Goal of the exercise: Transcribe each line below verbatim; pictures excluded.

Data segment:
━━━━━━━━━━━━━━━━━━━━━━━━━━━━━━

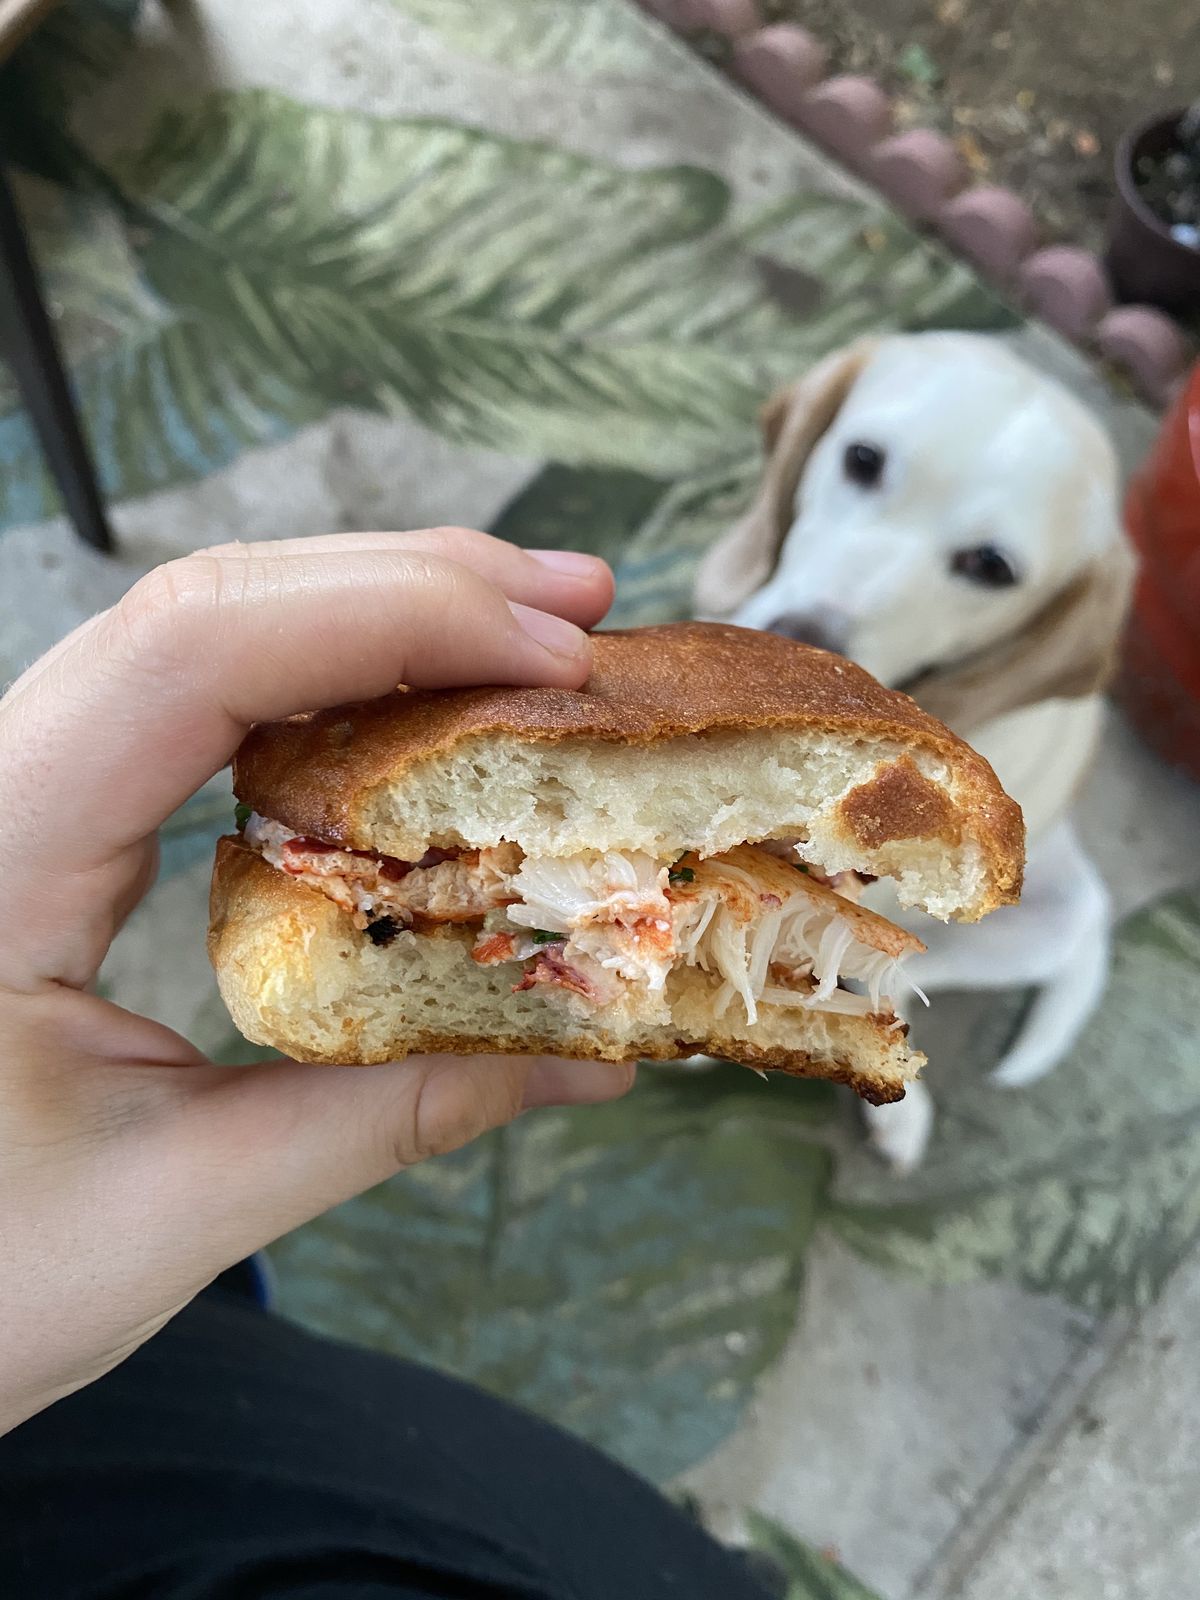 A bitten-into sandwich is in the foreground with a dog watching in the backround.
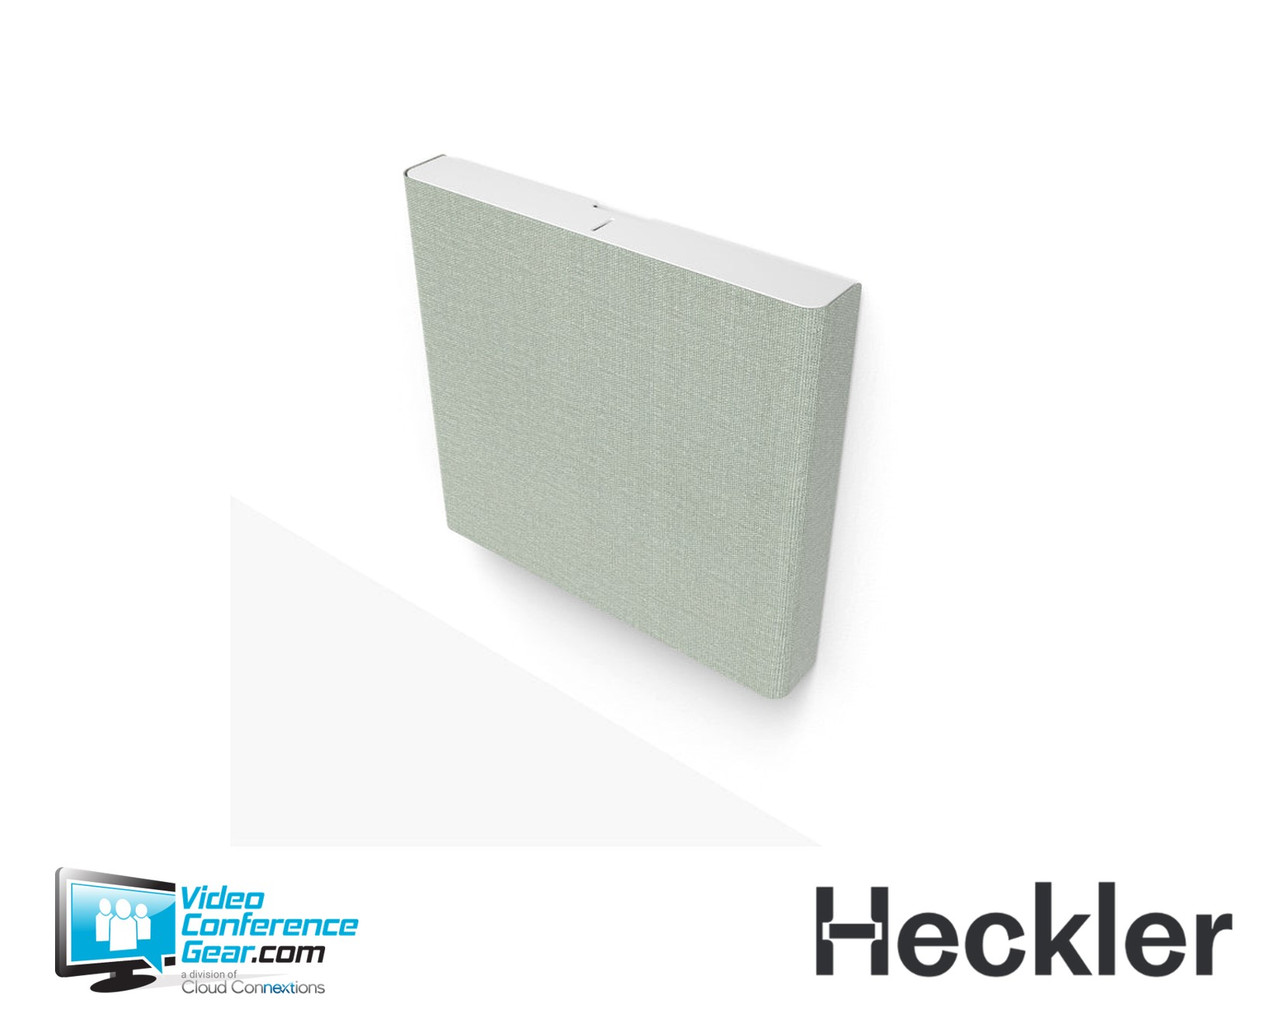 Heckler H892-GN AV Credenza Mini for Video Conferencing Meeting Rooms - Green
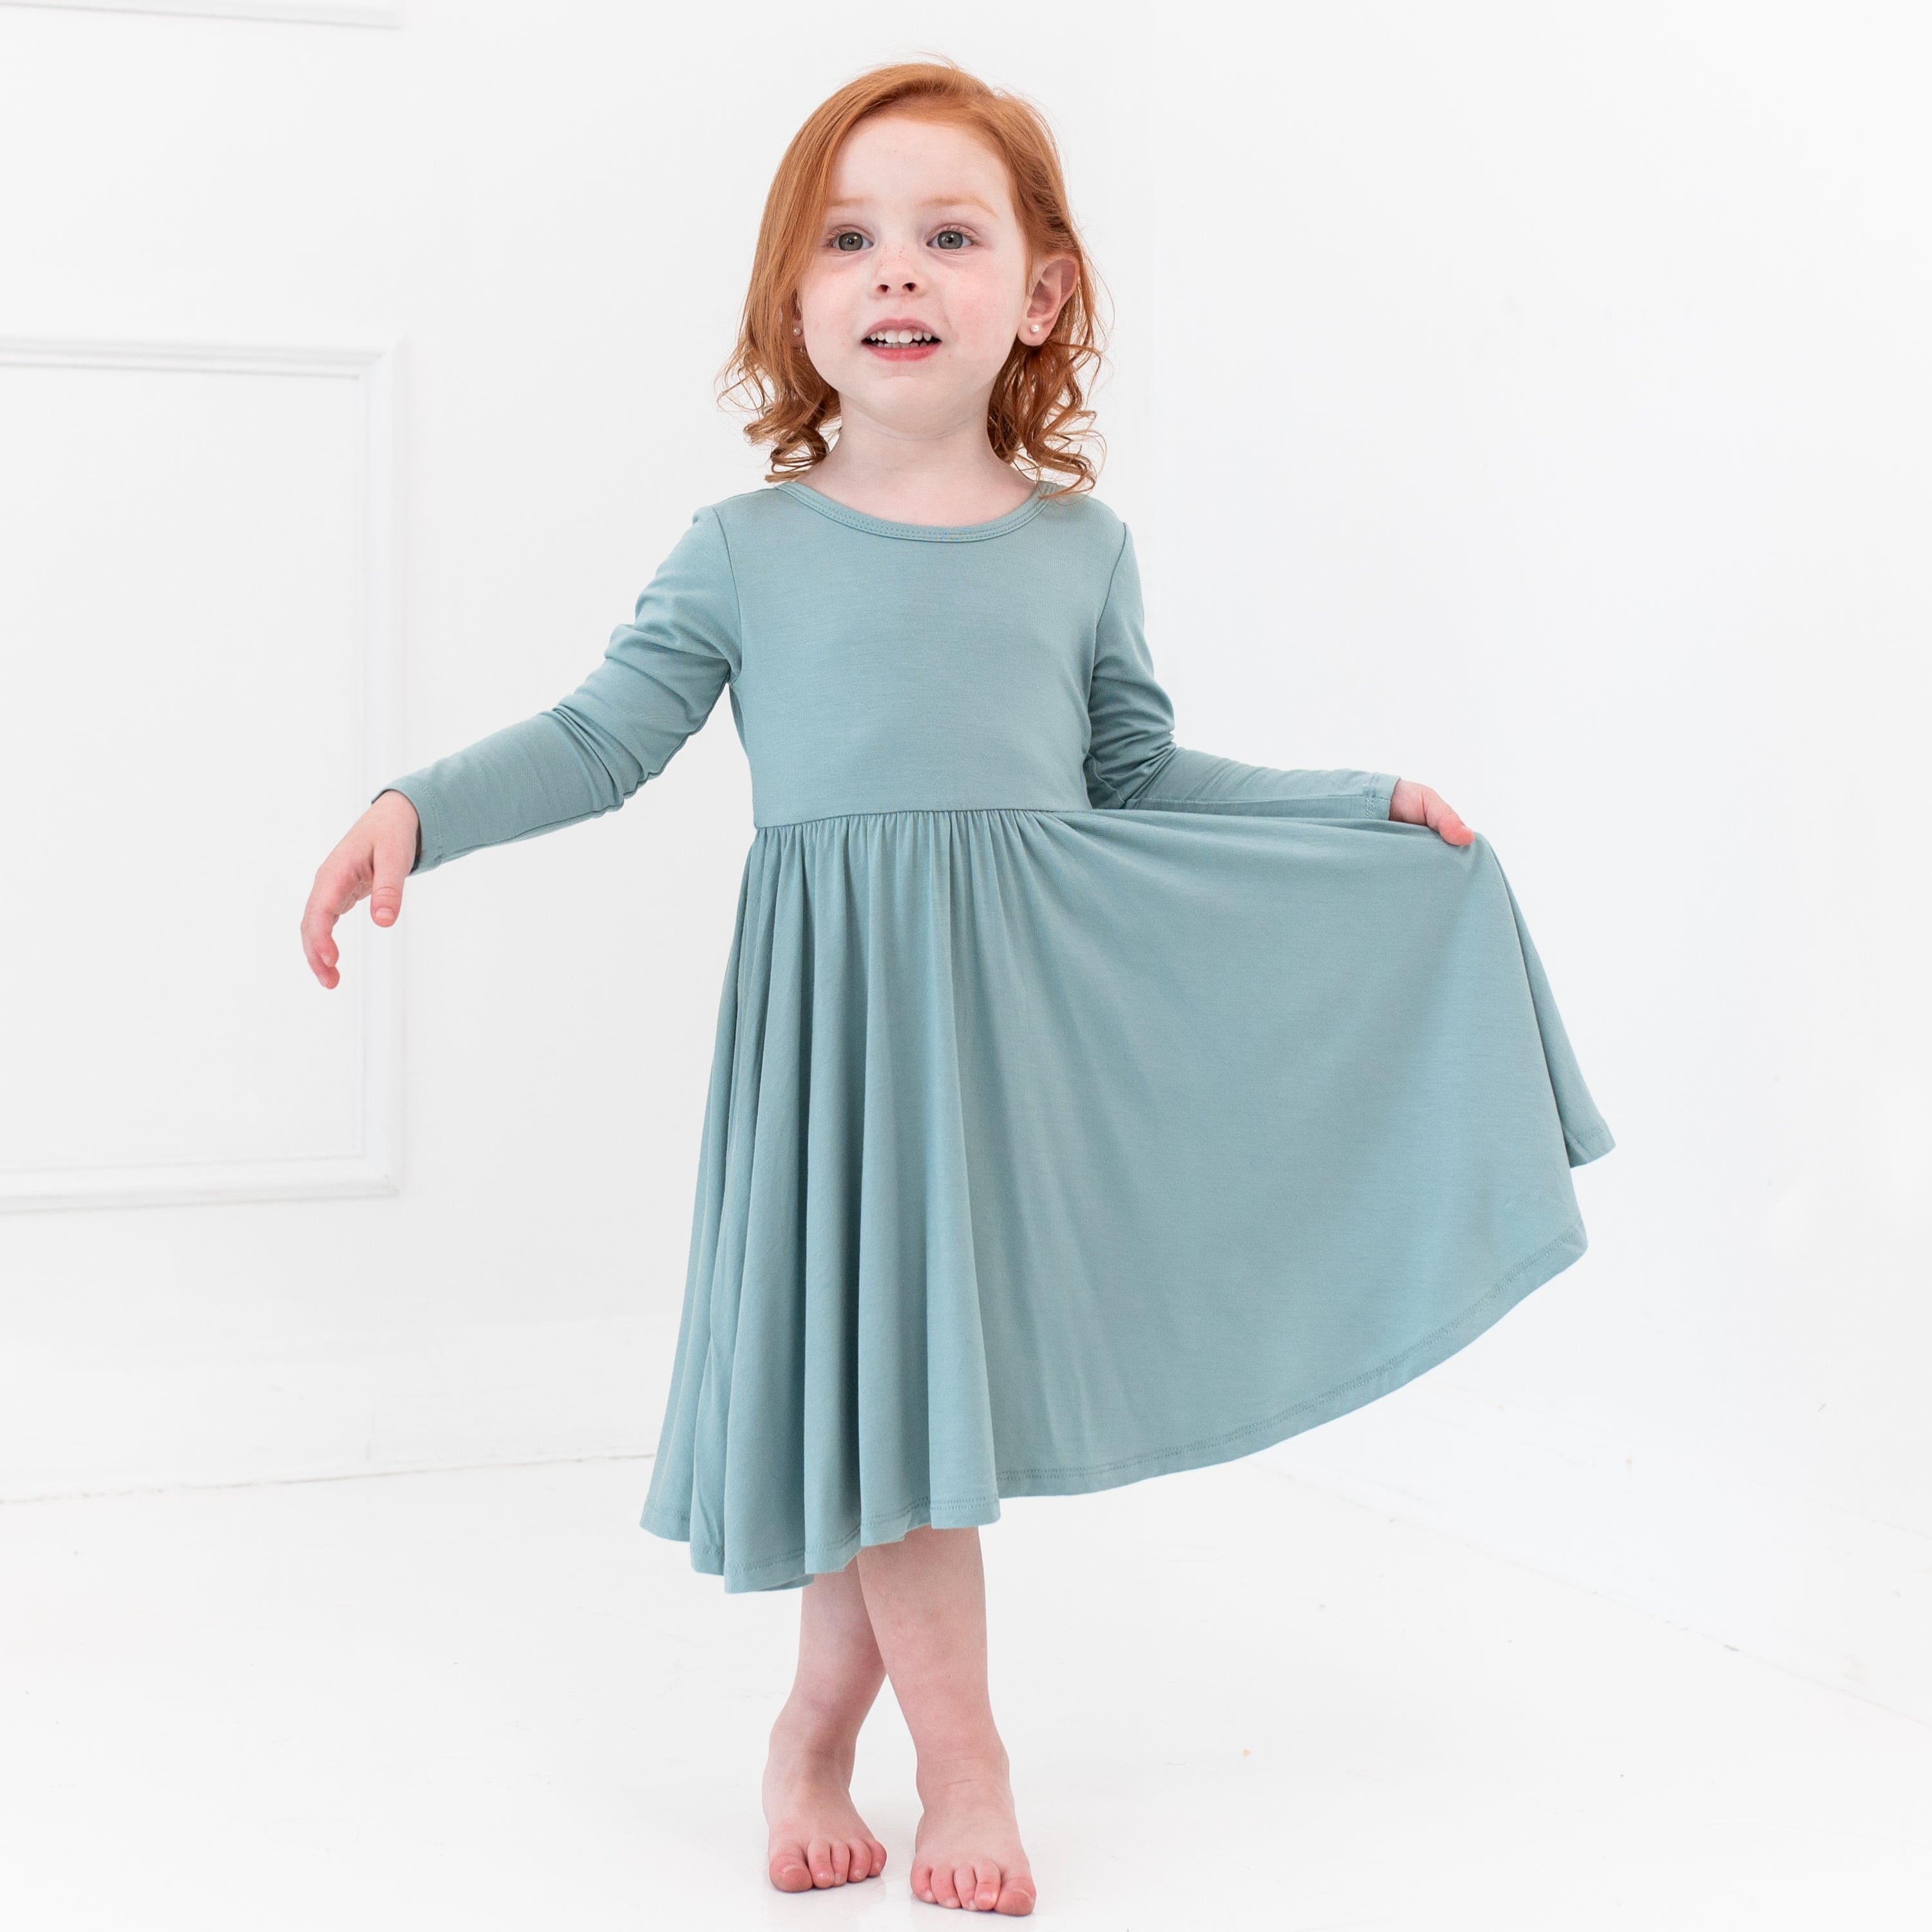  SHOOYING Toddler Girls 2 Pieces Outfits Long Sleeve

━━━━━━━━━━━━━━━━━━━━━━━━━━━━━━

Written solution:
 A bitten-into sandwich is in the foreground with a dog watching in the backround.
 Heckler H892-GN AV Credenza Mini for Video Conferencing Meeting Rooms - Green
  SHOOYING Toddler Girls 2 Pieces Outfits Long Sleeve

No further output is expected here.